Robinson Crusoe Day
Robinson Crusoe is a book that was published on April 25th, 1719 by Daniel Defoe. It’s a story that supposedly based on the true-life events of Alexander Selkirk, a Scottish castaway who managed to survive for four years while on an island in the Pacific. Regardless of whether that is the case or not, this story is a tale of adventure that’s sure to delight the young and old alike.
That’s probably why someone decided to go ahead and create Robinson Crusoe Day. This is a holiday that’s observed annually on the 1st day of February and celebrates this fantastic tale of exploration and adventure.
The History Of Robinson Crusoe Day
In 1999, Chase’s Calendar of Events created Robinson Crusoe Day. The purpose behind this holiday was to honor Alexander Selkirk, the sailor who was reportedly stranded on a deserted island in the 18th century and is the inspiration for the book. On February 1st, 1709, Selkirk was rescued from the island after 4-years and was brought back to England.
As would be expected, the press at the time took a great interest in him being shipwrecked and an article was written up. It’s believed that this article would be the inspiration for Daniel Defoe’s three-part novel — a novel that was first published in 1719.

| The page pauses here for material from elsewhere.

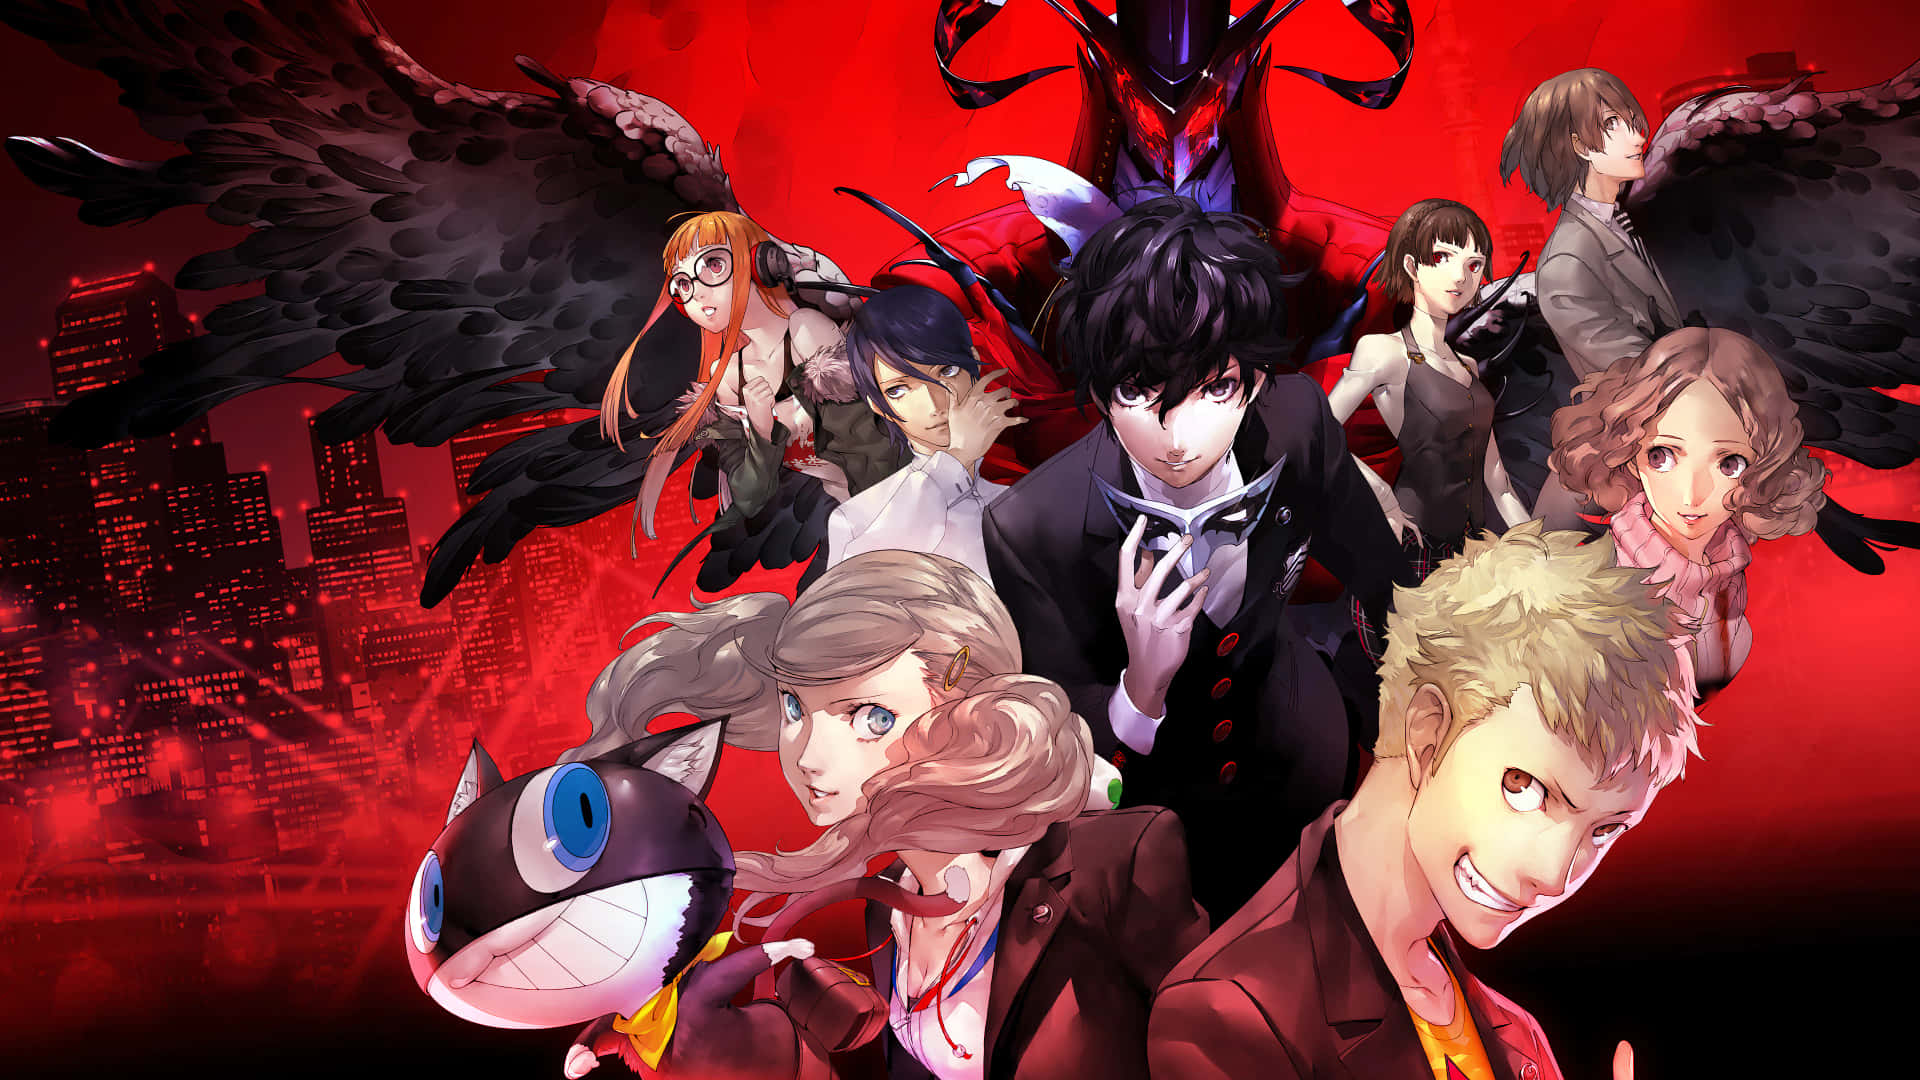 The Phantom Thieves of Persona 5 are ready to take on the corrupt system they’ve been fighting against.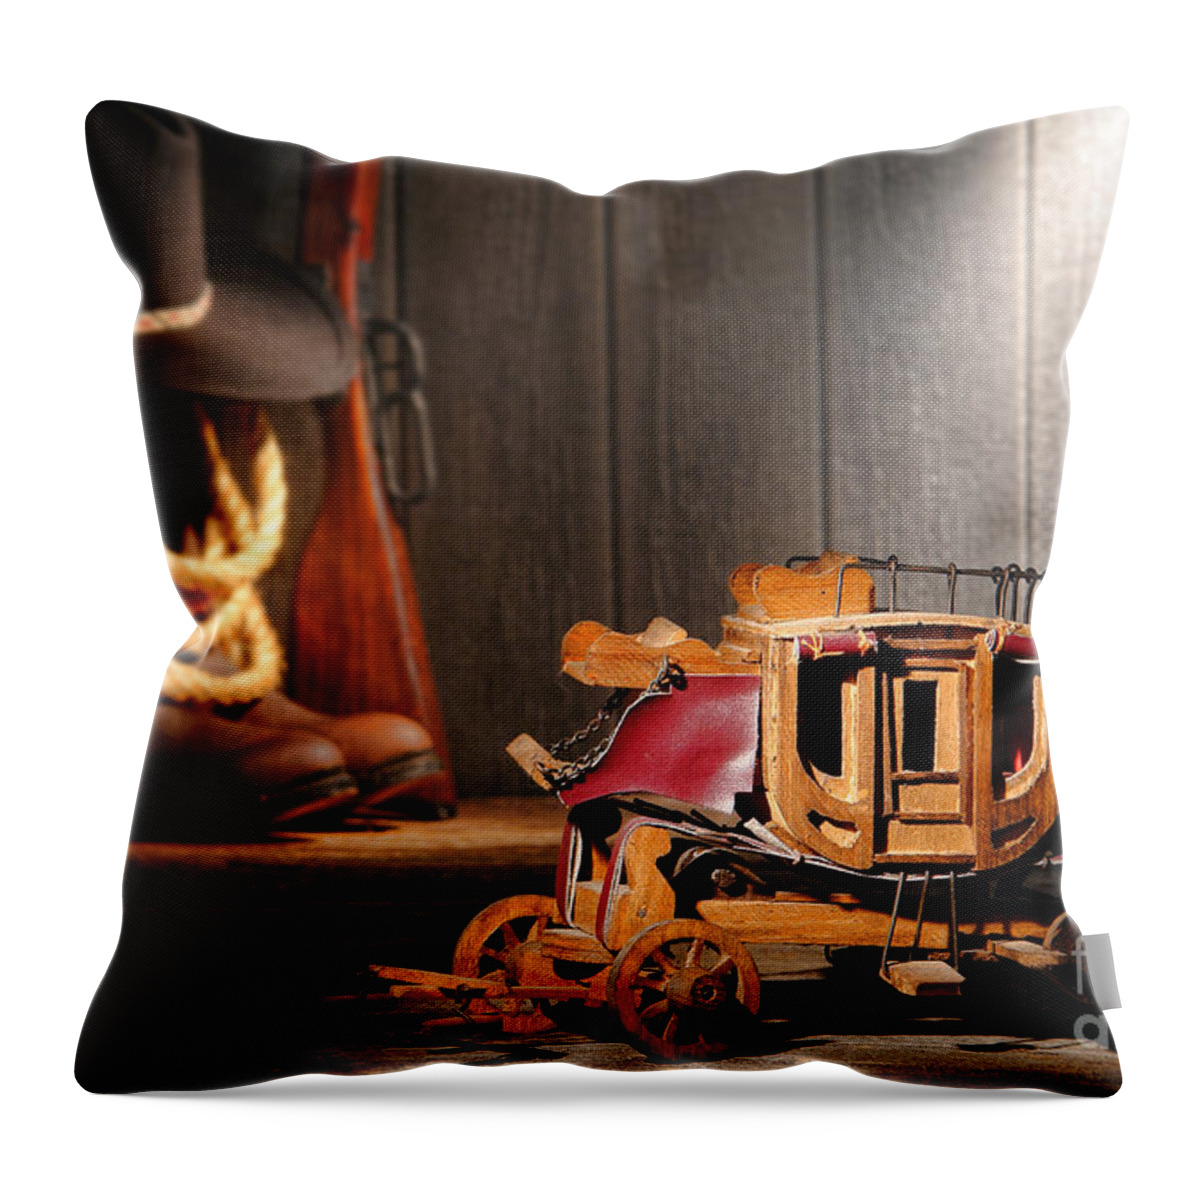 Stagecoach Throw Pillow featuring the photograph Stagecoach Dream by Olivier Le Queinec

Some Interesting Facts About Daniel Defoe
Since the entire purpose of this holiday is to celebrate the novel Robinson Crusoe Day we thought it would be fun to take a few moments to list some of the facts that we learned about its author, Daniel Defoe. We uncovered the following bounty of facts about Defoe while we were researching Robinson Crusoe Day. We hope that everyone finds them as informative as we did.
- His birth name was actually Daniel Foe.
- There are two sequels to Robinson Crusoe.
- Daniel Defoe was not only an author but he was also a trader, journalist and spy.
Observing Robinson Crusoe Day
On this holiday, people can take the time to read the book Robinson Crusoe or to watch one of the many television or movie adaptations of this novel. People can also spread the word about this holiday using the hashtag #RobinsonCrusoeDay on social media.